Let $(E,\mathcal{O})$ be an elliptic curve over a (perfect) field $K$ and let $\textbf{Cov}(E,\mathcal{O})$ denote the category of finite pointed étale covers of $E$ from smooth varieties where the distinguished point $\mathcal{O}'$ on each cover is a $K$-point. One can show that each of these covering varieties must be an elliptic curve $(E', \mathcal{O}')$ and the covering maps are then isogenies of elliptic curves. The morphisms $(E', \phi)\rightarrow (E'', \psi)$ in this category between two finite étale covers are pointed morphisms of algebraic varieties, and thus become finite étale isogenies in their own right (since the "base change" of an étale morphism is étale).

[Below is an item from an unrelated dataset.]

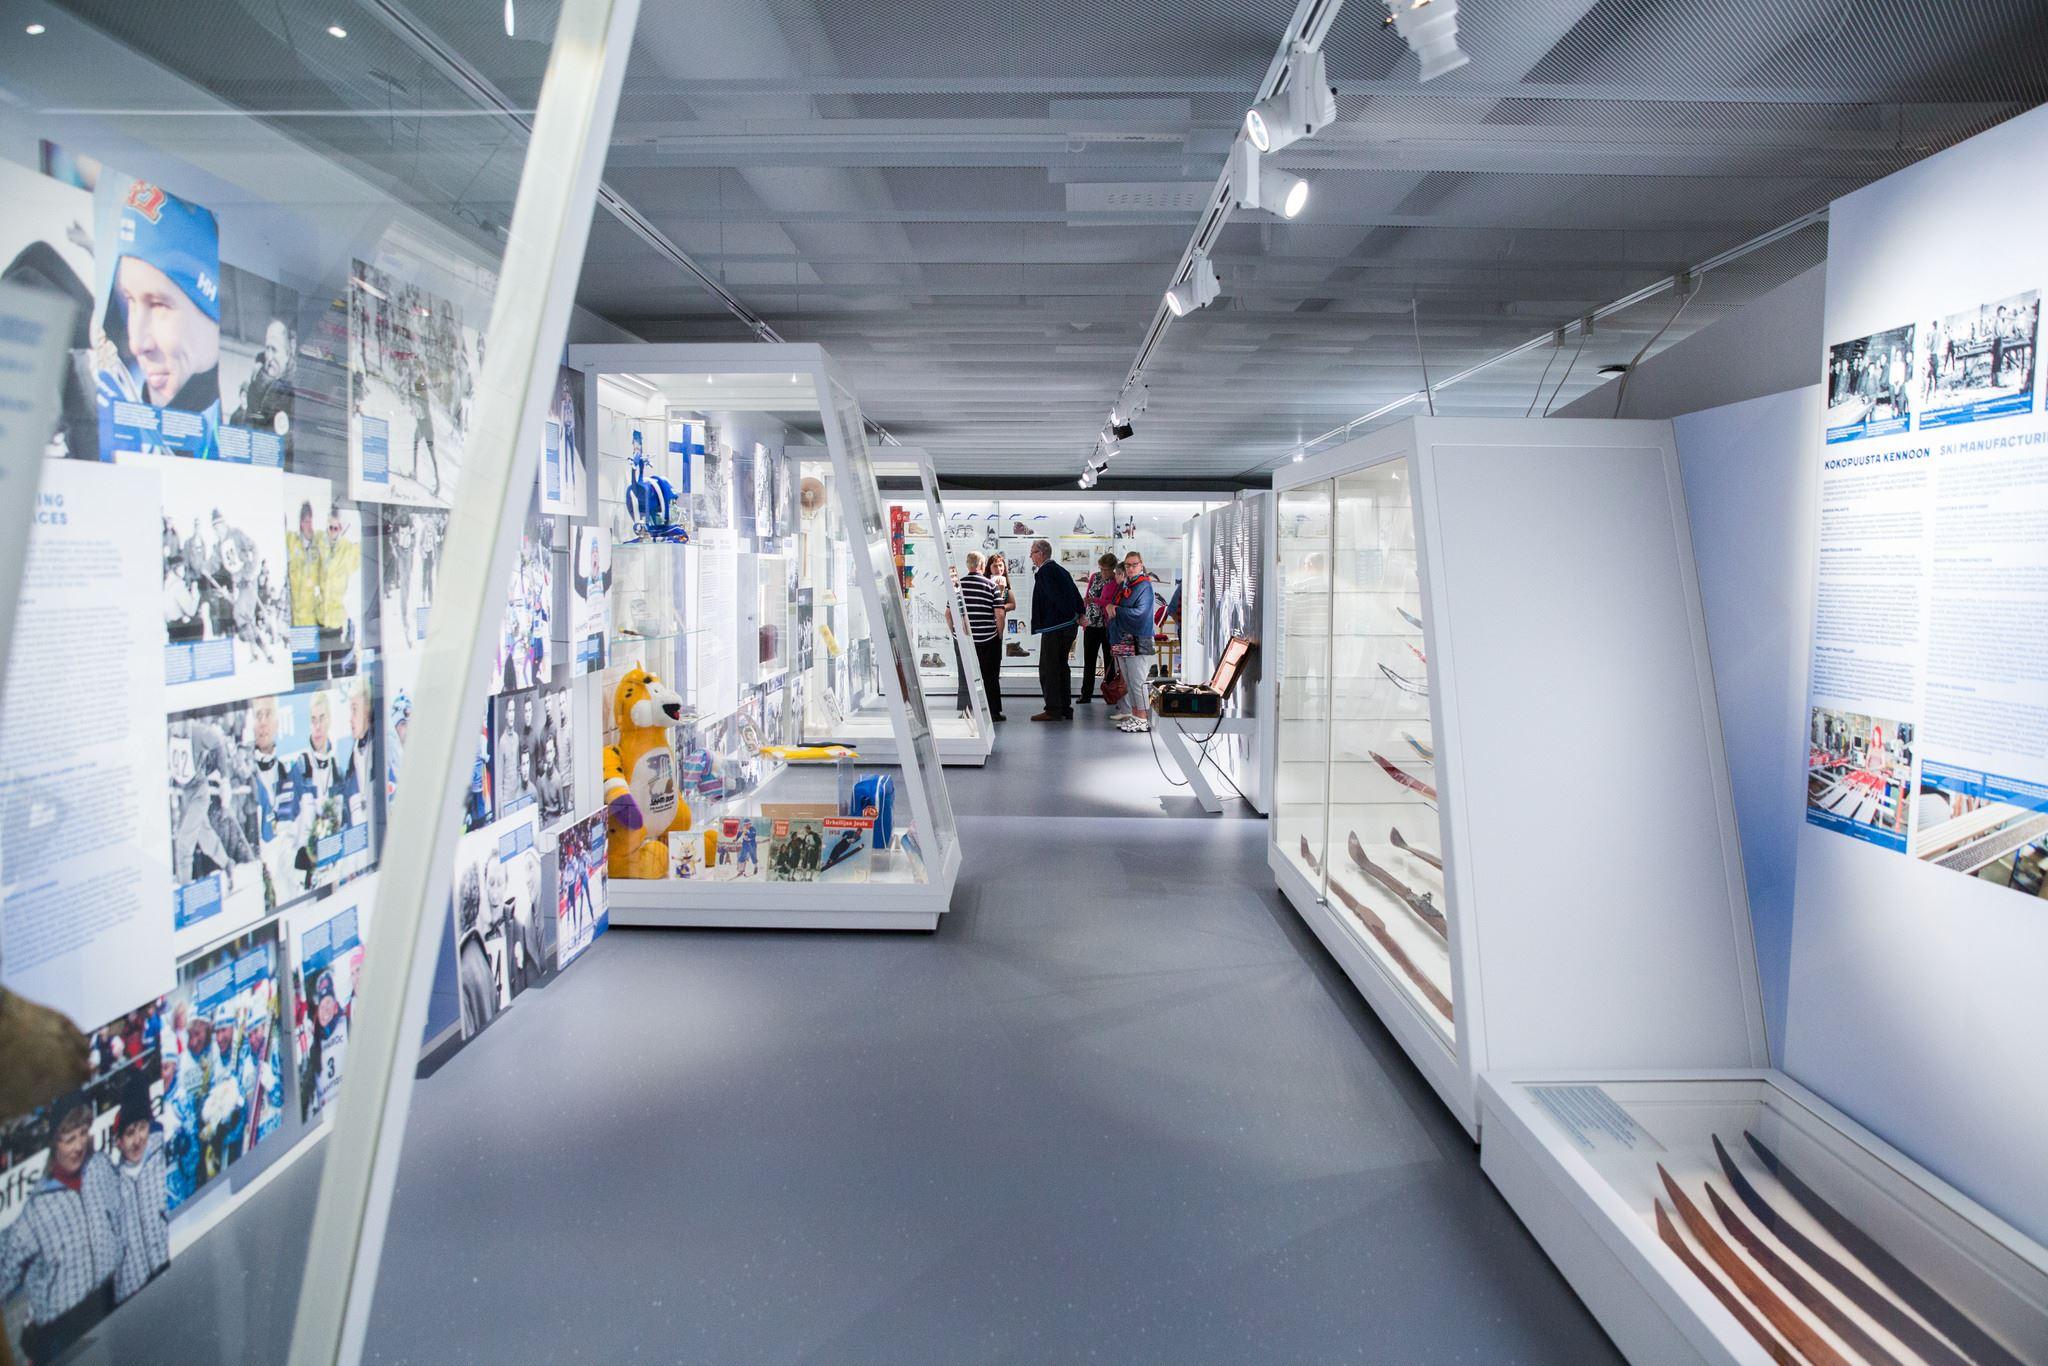 Hiihtomuseo | Lahden museot

Let $\textbf{Cov}_{\mathbb{N}} (E,\mathcal{O})\subseteq\textbf{Cov}(E,\mathcal{O})$ denote the full subcategory consisting of multiplication-by-$m$ isogenies $[m]:E\rightarrow E$ for $m\in K^\times$ (see this other question of mine). I'm wondering if there is a functor $\Delta: \textbf{Cov}(E,\mathcal{O})\rightarrow\textbf{Cov}_{\mathbb{N}}(E,\mathcal{O})$ sending each isogeny $\phi: E'\rightarrow E$ to the precomposition with the dual isogeny $[\deg\phi] = \phi\circ\hat{\phi}:E\rightarrow E$?

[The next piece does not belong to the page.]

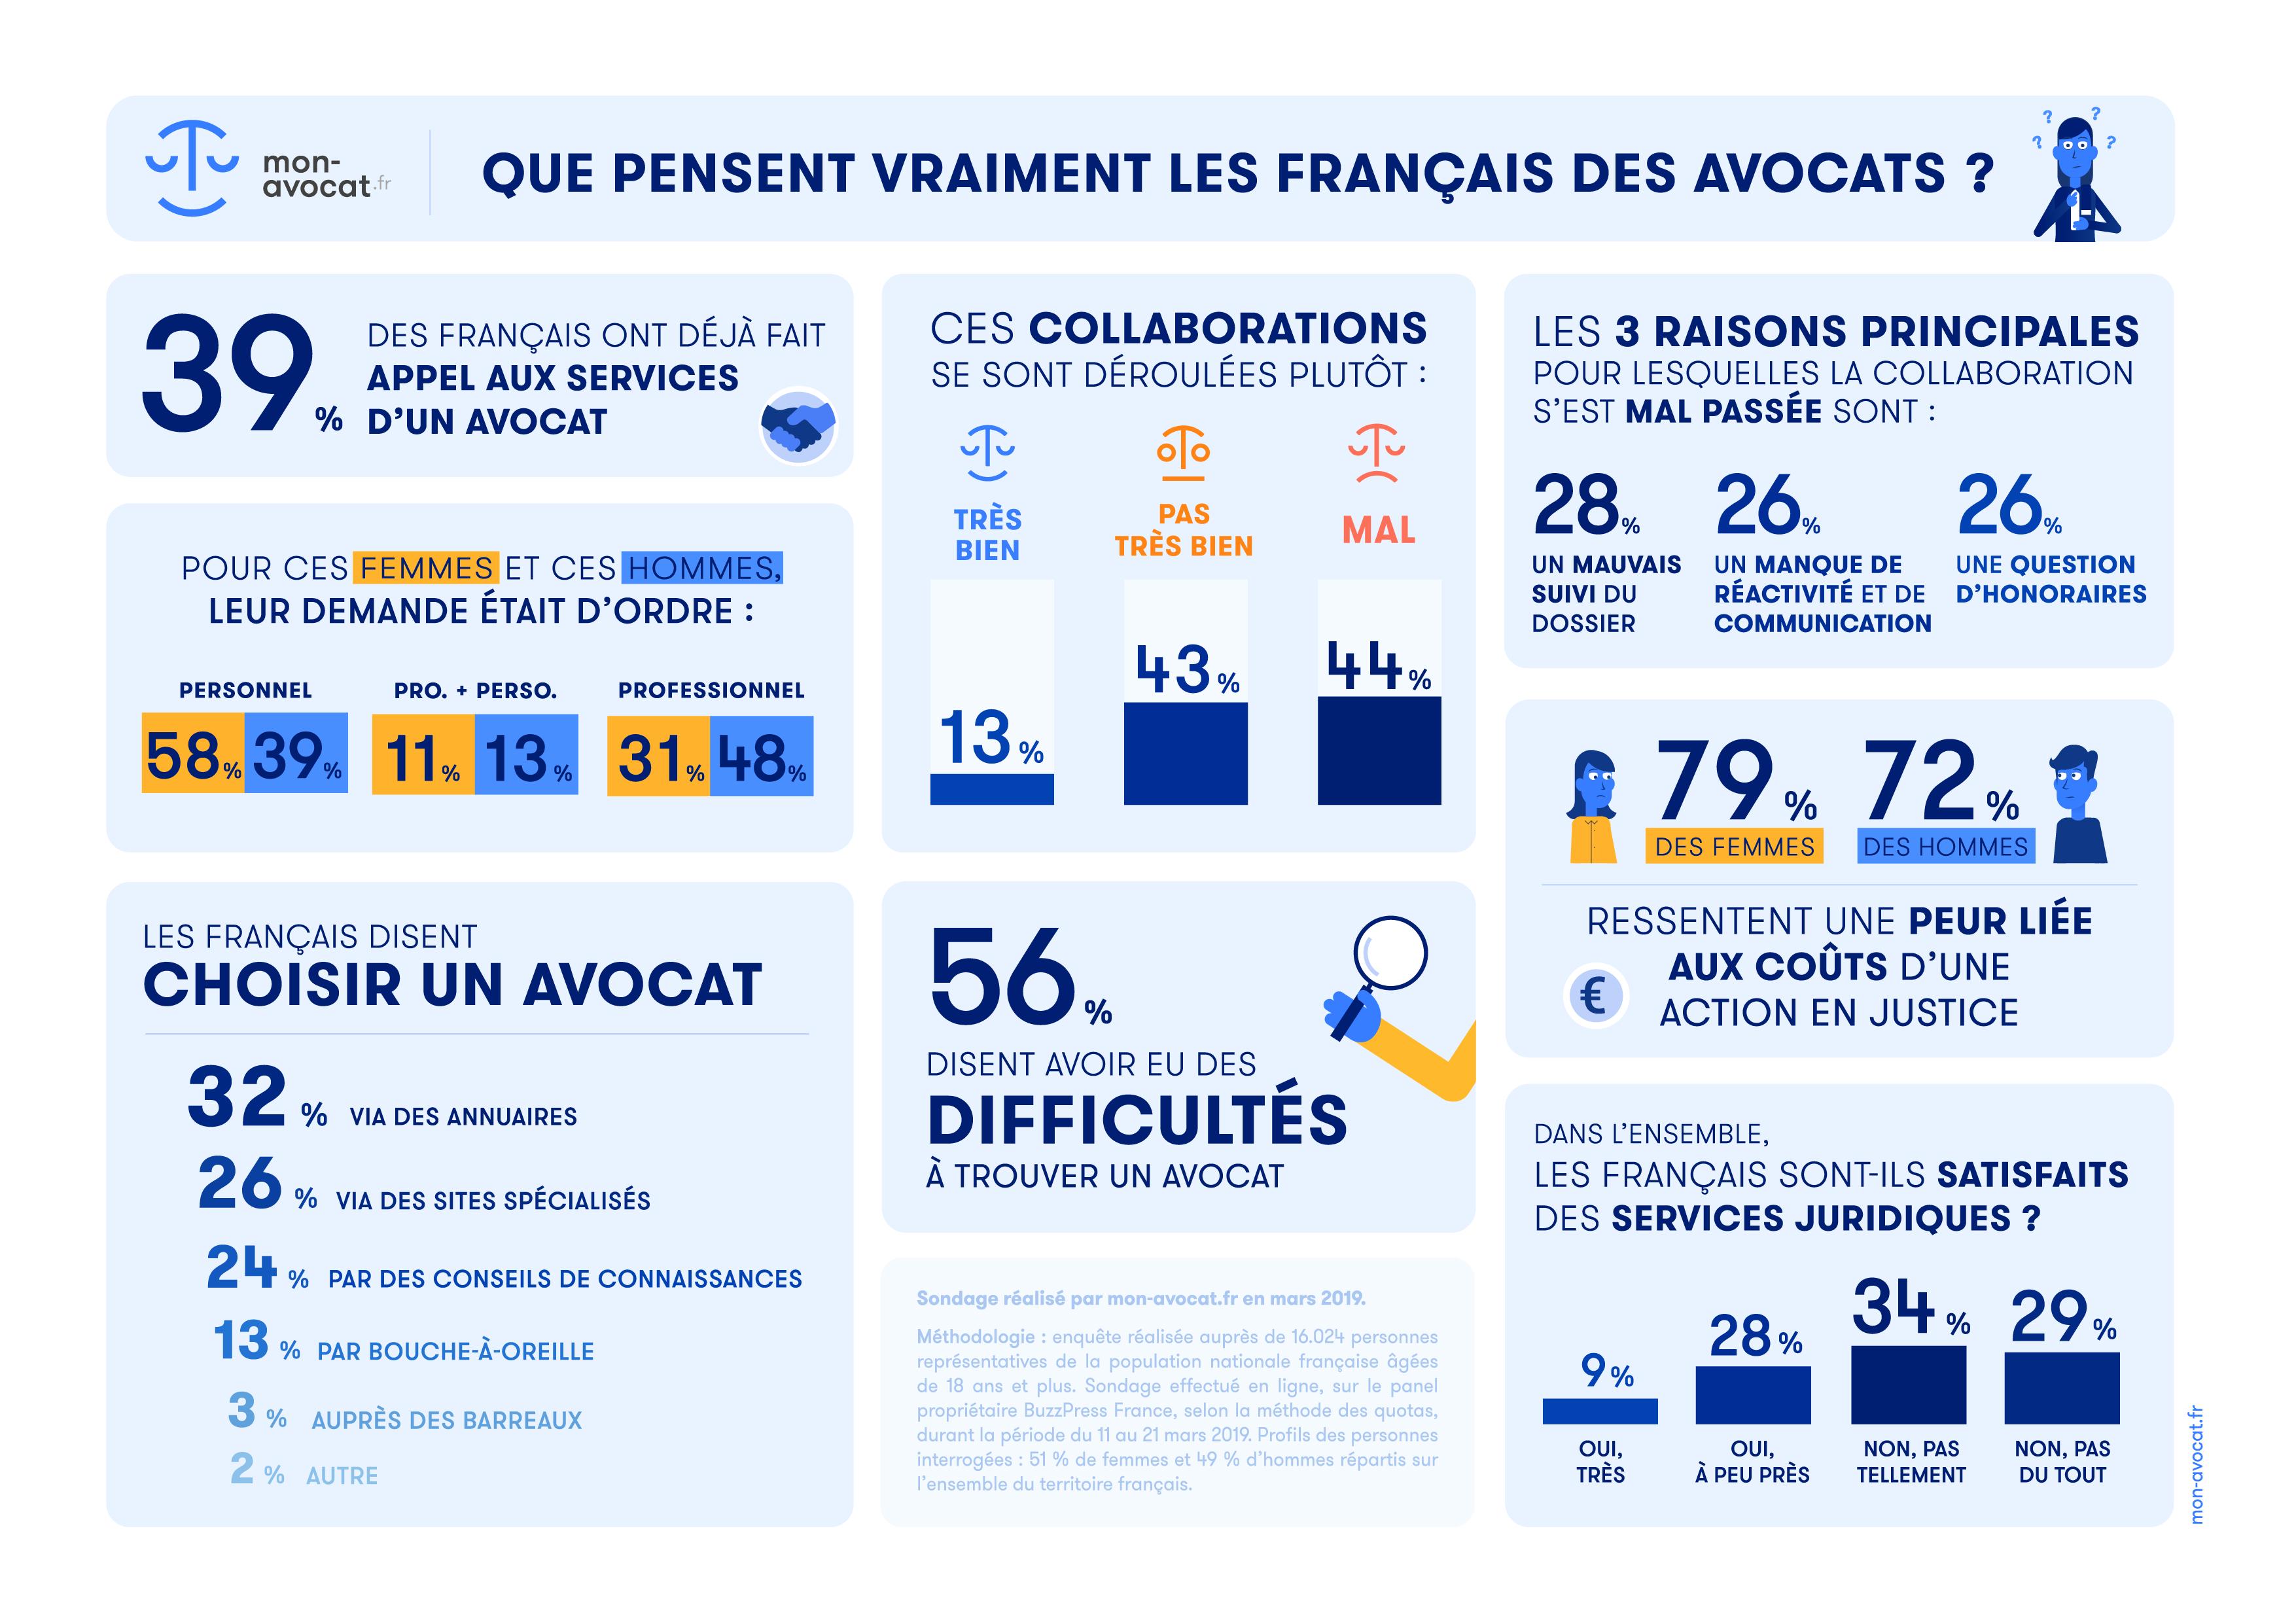 Que pensent vraiment les Français des avocats ?

More precisely, if $f: (E', \phi)\rightarrow(E'', \psi)$ is a morphism in $\textbf{Cov}(E,\mathcal{O})$, does there exist a (functorial) morphism $\Delta(f):E\rightarrow E$ in $\textbf{Cov}_{\mathbb{N}}(E,\mathcal{O})$ such that the following diagram commutes?
After thinking a bit, I think I've solved this: set $\Delta(f) = [\deg f]:E\rightarrow E$. Then it's easy to see that $\zeta: = f\circ \hat{\phi} - \hat{\psi}\circ \Delta(f)$ is a morphism $E\rightarrow E''$ whose image is contained in the kernel of $\psi$. Now $\psi$ is a finite étale morphism so $\ker\psi$ is a finite subgroup of $E''$ of order $\deg\psi$. Since any morphism of smooth curves is either surjective or constant, it follows that $\zeta$ is a constant map. Now in $\textbf{Cov}(E, \mathcal{O})$ the morphism $f$ was pointed (i.e. is an isogeny), and therefore it follows that $\zeta$ is an isogeny. Thus $\zeta$ is identically zero, and therefore the diagram above commutes.
In particular with $\Delta(f) = [\deg f]$ we get $f \circ \hat{\phi} = \hat{\psi}\circ \Delta(f)$. The multiplicative property of degrees of compositions of morphisms implies that $\Delta$ is the functor we wanted.